(a post from guest author Mary Burns)
Do I read more in Summer? Probably. The light lasts longer, the warm temperatures encourage sloth. I see more of friends for al fresco meals, and they often send me home with their recommendations, if not the actual books. Looking over the stack of “to be returned,” I see that I have read a couple of books a week in the last month. A few remain unfinished, including the Simenon I bought in Paris, which I read more slowly because it is in French. Another, a philosophical work, is the last thing I read before sleep. In both cases, I aim for a chapter at a time.
During the lazy afternoons, though, from my favourite reading chair near an open window or under a big straw hat on the patio, I have read Michael Cunningham’s The Snow Queen, in which I struggled to keep interested, despite having loved The Hours and Flesh and Blood. Much easier to stick with, in fact hard to pull myself away from, was Seven Types of Ambiguity by the Australian writer Elliot Perlman, an insightful, cleverly told story from seven points of view. Very smart, well written. Then came the lovely, light memoir of a Dutch novelist’s time in Spain. Spain, Body and Soul, by H.M. van den Brink, a book that includes recipes for some of the food he sampled during his various stays in that colourful country. And Anne Enright’s Booker prize winner, The Gathering, which falls into a category I call “admire more than like,” because, although she is a wizard as a writer, there was something about the tone that put me off.
We Need New Names, by Noviolet Bulwayo, on the other hand,
belongs in my handful of real favourites. This author’s voice is original, and her story of life in a Zimbabwe village, told by a girl named “Darling,” who later moves to Michigan to live with her aunt, is both informative and entertaining. I like stories of immigration because they naturally include accounts of discovery and are inevitably also tales of struggle. The endings are not always happy. The later chapters of Bulwayo’s novel artfully broaden the picture to describe what immigrants in general face, and that is a particularly useful perspective considering the debates about the subject in North America, in the southwest U.S. particularly, and also in Europe.
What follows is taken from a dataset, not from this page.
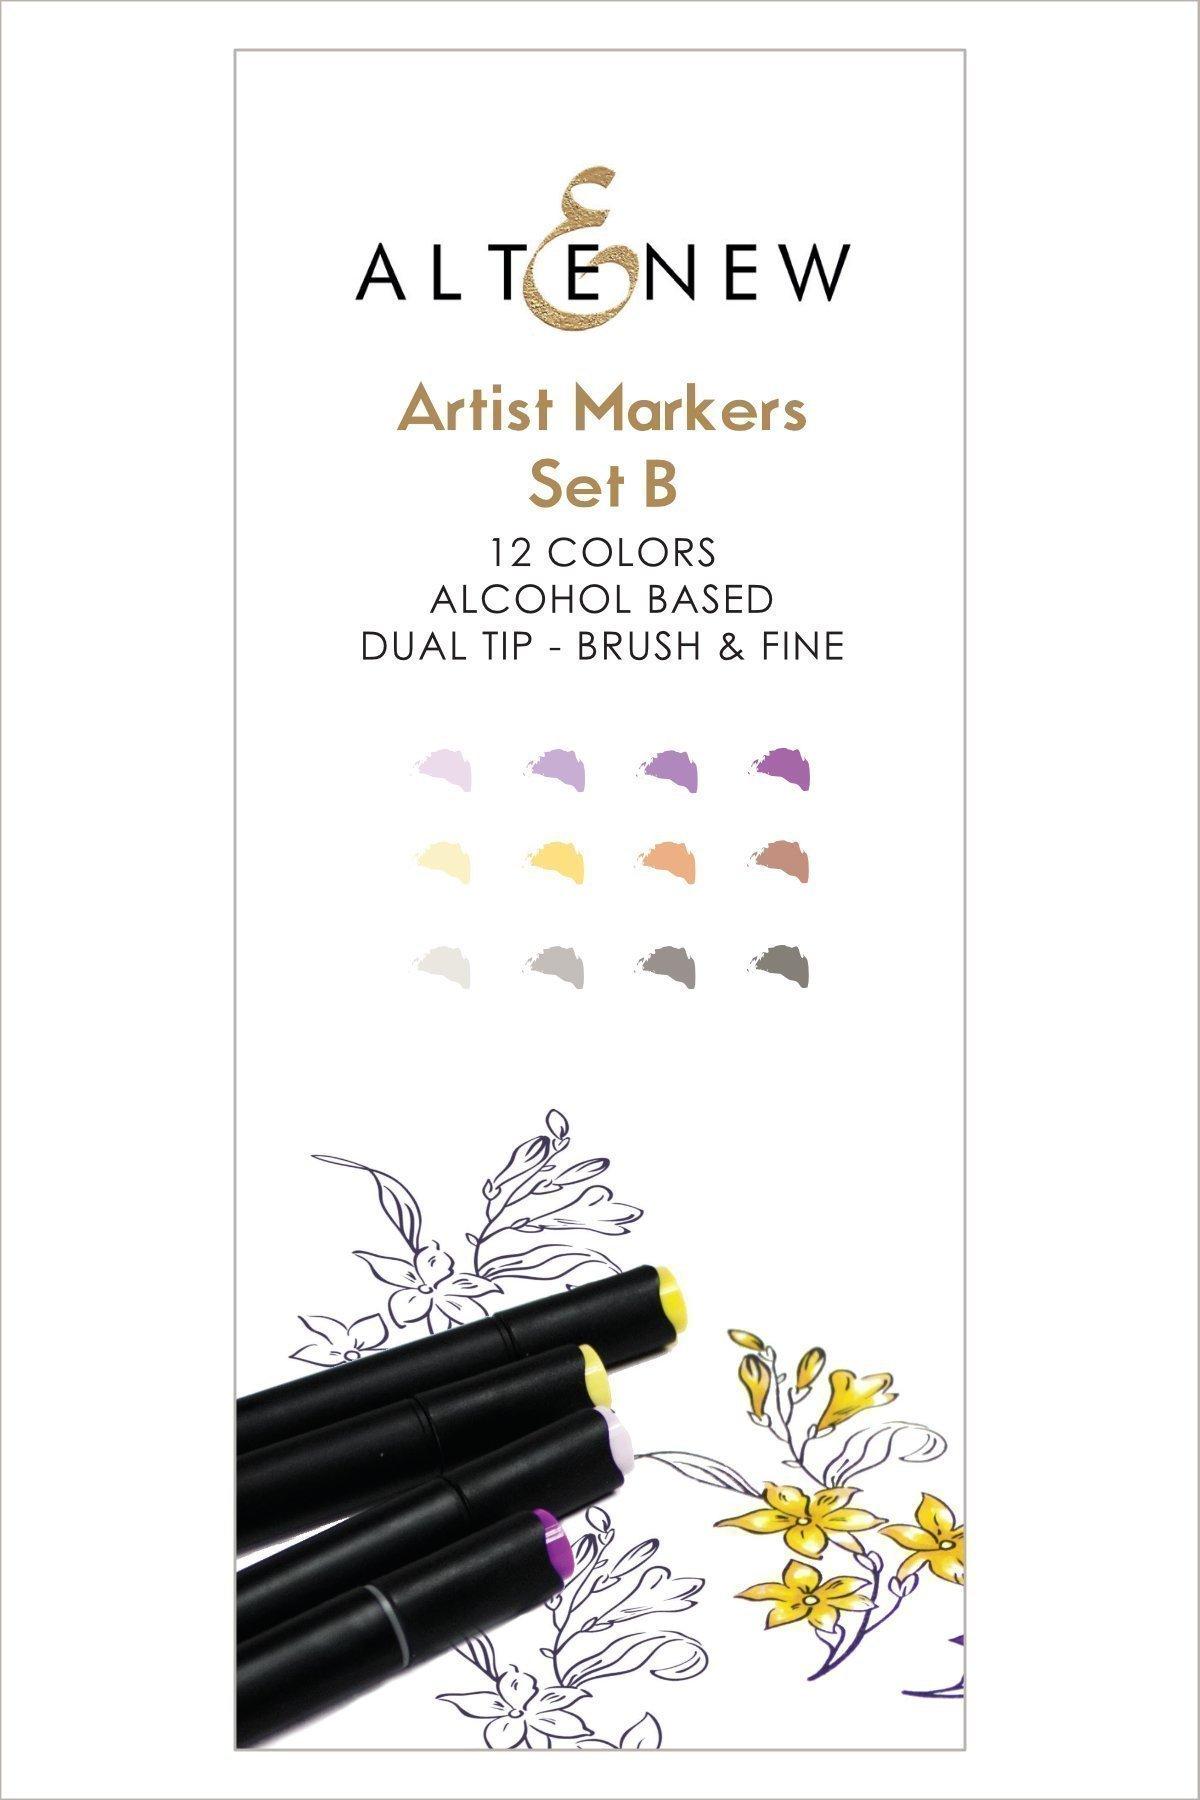 Altenew Artist Markers Set B

In We Are All Completely Beside Ourselves, by Karen Joy Fowler, I met a character I didn’t expect to meet, and that is my small beef with this interesting novel. Because I didn’t know the story beforehand, publicized though the novel has been, I wasn’t aware that the sister the narrator referred to through the first third of the book was actually a chimpanzee. Fowler creates a lot of suspense by getting us wondering why she doesn’t see her sister and brother anymore, but when she finally reveals that Fern is a chimp I felt the writer stood somewhere behind me saying, “ah-hah! Didn’t expect that, did you?” I understand why she might have done it; she didn’t want us classifying Fern immediately and filling out her character with our perceptions, I imagine; but I still don’t like that kind of author trickery. It is a good read, though, and raises another important question, about our relations with animals.
The book I most recently finished The Twelve Tribes of Hattie, tells the story of the children of Hattie, who migrated as a young woman from Georgia to Philadelphia about the same time there was such a big influx of African-Americans from the south to the north, post WWI. A few reviews I had read commented on the bleakness of the lives Hattie’s children lived, but I felt that the author, Ayana Mathis, was simply telling it how she saw it, and did so eloquently. Mathis is a very strong writer. To me, her work demonstrates the kind of strength that does not say “look at me,” but instead holds the reader with some kind of truth, which I want fiction to do. I look forward to reading her next book.